Meeting with my own schools director was easy and both meetings, Ban Triam and Ban Bang Wa, I reluctantly participated in. Following those meetings, I stepped up my prodding of my co-teacher, Moosa, at Ban Triam to help set up the meeting between the teachers and directors of all fours schools. By this time it was mid March. School would be out soon and wouldn’t resume again until mid May. June was the best chance now for the camps. I continued to insist that Moosa help set up the meeting and continually inquired as to his progress in that endeavor. Finally, in late May I rode my bike nearly to Suksamran to meet with the English teacher and director of Ban Huaysap School. Moosa had assured me that they had been informed of my project proposal but a meeting had not been planned yet due to scheduling conflicts. When I arrived, to my surprise they had never heard of my project. It was the same story in Ban Suan Mai.

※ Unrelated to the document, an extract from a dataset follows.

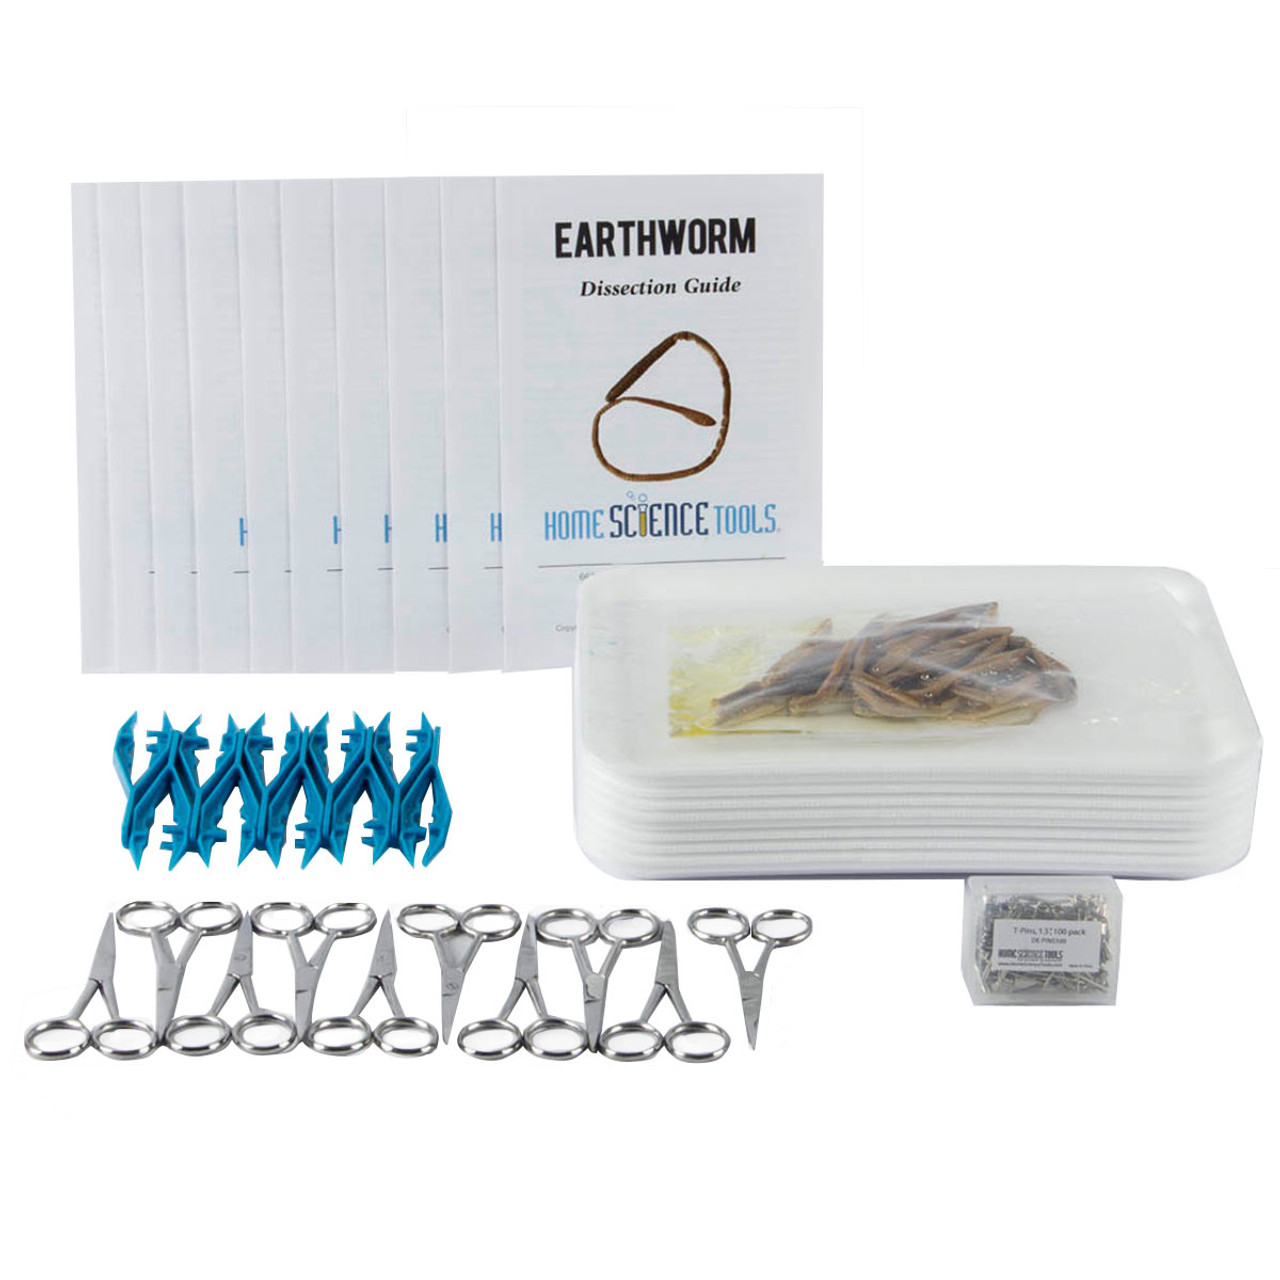 Classroom Worm Dissection Kit

Once I had made my proposal, both schools expressed their eagerness to participate. This lead to a meeting quickly being set up which would be held at Ban Triam School. I quickly called my co-teacher at Ban Bang Wa School to confirm the date and time and that was that. Upon returning to Ban Triam School I informed Moosa of the date and time of the meeting and thanked him for his help. Thais don’t understand sarcasm.
I should have learned an important lesson that day. I should have learned that lesson two months ago when the meeting failed to be set up and individual meetings took their place. My trust in Moosa, and Thais for that matter, and faith that what needed to be done would be done would be tested and broken time and time again. Clearly Pavlov’s dog is smarter than I because I could never quite figure out what that damn bell was for.